NSA on and off the trail of the Sony hackers

After cybersleuth Barack Obama saw the evidence pointing at North Korea’s responsibility for the cyberattacks against Sony, “he had no doubt,” the New York Times melodramatically reports.

He had no doubt about what? That his intelligence analysts knew what they were talking about? Or that he too when presented with the same evidence was forced to reach the same conclusion?

I have no doubt that had Obama been told by those same advisers that North Korea was not behind the attacks, he would have accepted that conclusion. In other words, on matters about which he lacks the expertise to reach any conclusion, he relies on the expertise of others.

A journalist who tells us about the president having “no doubt” in such as situation is merely dressing up his narrative with some Hollywood-style commander-in-chief gravitas.

When one of the reporters in this case, David Sanger, is someone whose cozy ties to government extend to being “an old friend of many, many years” of Ashton Carter, whose nomination as the next Secretary of Defense is almost certain to be approved, you have to wonder whose interests he really serves.

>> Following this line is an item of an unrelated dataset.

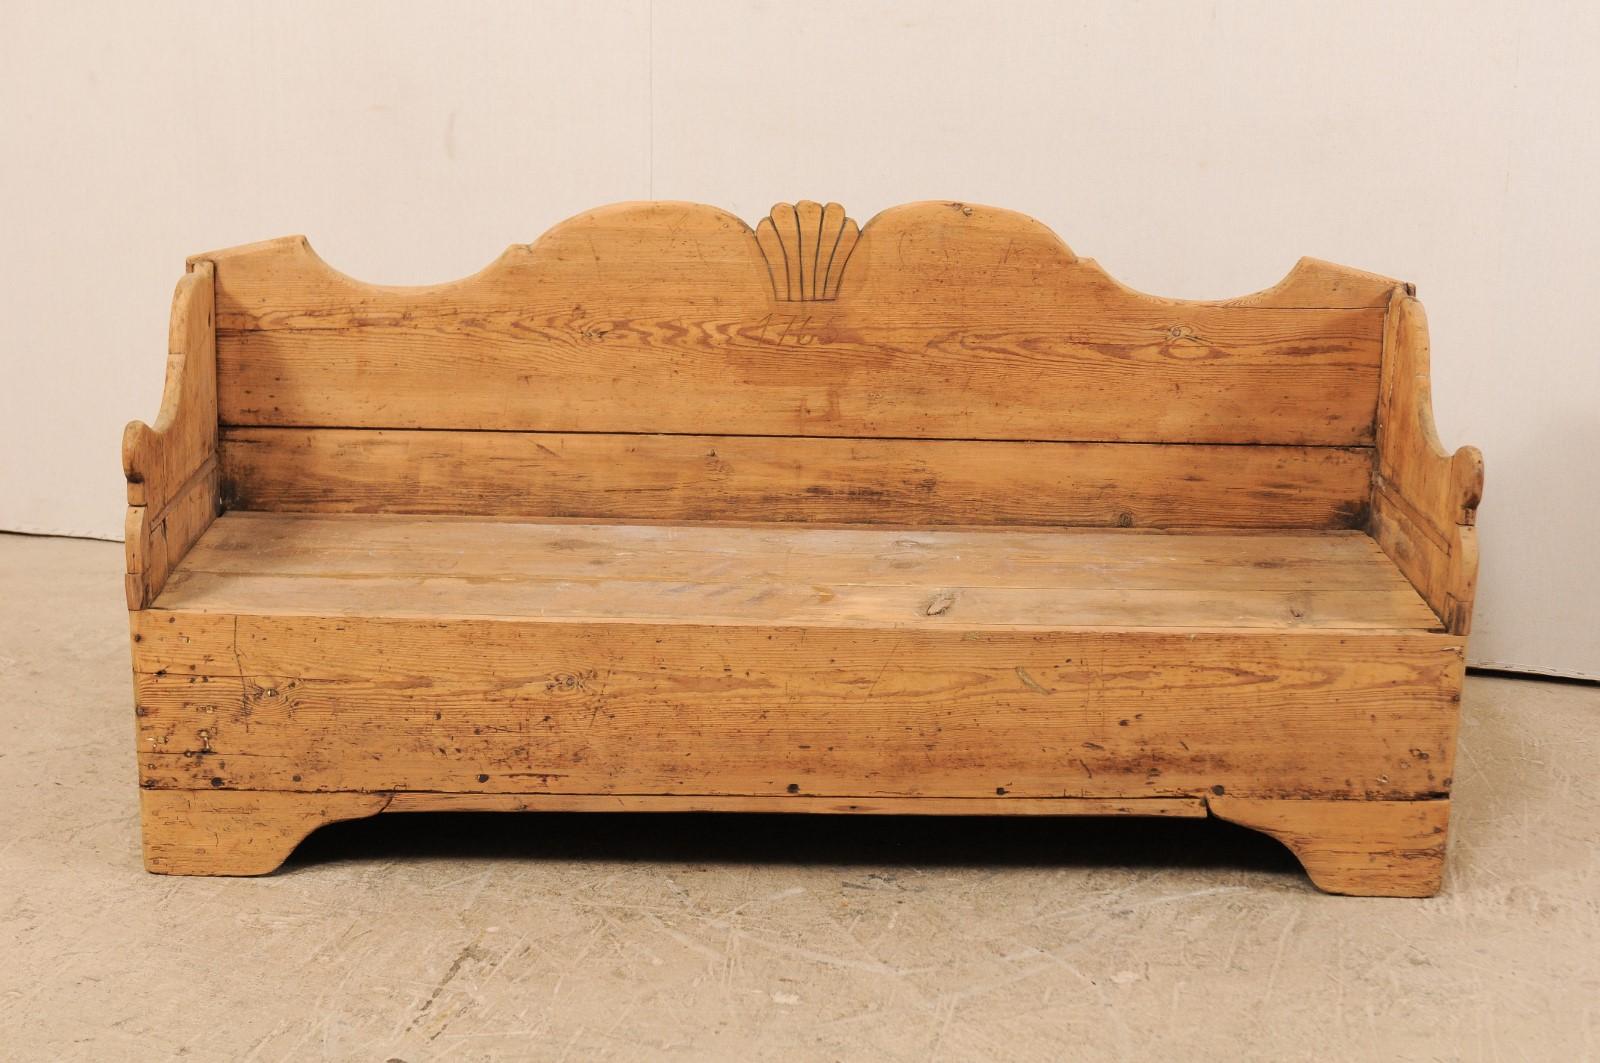 A Swedish period Gustavian wood sofa bench from the early 19th century. This antique wood bench from Sweden features a high back with nicely scalloped back rail with shell carved at centre, high and curvy side arms, a thick skirt, and is raised upon

Those of his readership or those of the government?

Since Obama and the FBI went out on a limb by asserting that they had no doubt about North Korea’s role in the attacks, they have been under considerable pressure to provide some compelling evidence to back up their claim.

That evidence now comes courtesy of anonymous officials briefing the New York Times and another document from the Snowden trove of NSA documents.

Maybe the evidence really is conclusive, but there are still important unanswered questions.

For instance, as Arik Hesseldahl asks:

why, if the NSA had so fully penetrated North Korea’s cyber operations, did it not warn Sony that an attack of this magnitude was underway, one that apparently began as early as September.

Officials with the NSA and the White House did not immediately respond to requests for comment about the report. A Sony spokeswoman had no comment.

On the one hand we’re being told that the U.S. knew exactly who was behind the Sony attacks because the hackers were under close surveillance by the NSA, and yet at the same time we’re being told that although the NSA was watching the hackers it didn’t figure out what they were doing.

If Hollywood everyone decides to create a satire out of this, they’ll need to come up with a modern-day reworking of the kind of scene that would come straight out of Get Smart — the kind where Maxwell Smart, Agent 86, would be eavesdropping on conversation between his North Korean counterparts, the only problem being, that he doesn’t understand Korean.

The Times report refers to the North Korean hackers using an “attack base” in Shenyang, in north east China. This has been widely reported with the somewhat less cyber-sexy name of the Chilbosan Hotel whose use for these purposes has been known since 2004.

If the attackers wanted to avoid detection, it’s hard to understand why they would have operated out of a location that had been known about for that long and that could so easily be linked to North Korea.

It’s also hard to fathom that having developed its cyberattack capabilities over such an extended period, North Korea would want to risk so much just to try and prevent the release of The Interview.

Michael Daly claims that the regime “recognizes that Hollywood and American popular culture in general constitute a dire threat” — a threat that has apparently penetrated the Hermit Kingdom in the “especially popular” form of Desperate Housewives.

Daly goes on to assert:

a glimpse of Wisteria Lane is enough to give lie to the regime’s propaganda that North Koreans live in a worker’s paradise while its enemies suffer in grinding poverty, driven by envy to plot against Dear Leader.

Of course, as every American who has watched the show knows, Wisteria Lane represents anytown America and the cast could blend in unnoticed at any Walmart or shopping mall.

OK. I won’t deny that American propaganda is much more sophisticated than North Korea’s, but when an American journalist implies that Desperate Housewives offers ordinary North Koreans a glimpse into the lives of ordinary Americans, you have to ask: which population has been more perfectly been brainwashed?

In reality, the dire threat to the North Korean regime in terms of social impact comes not from American popular culture but from much closer: South Korean soap operas.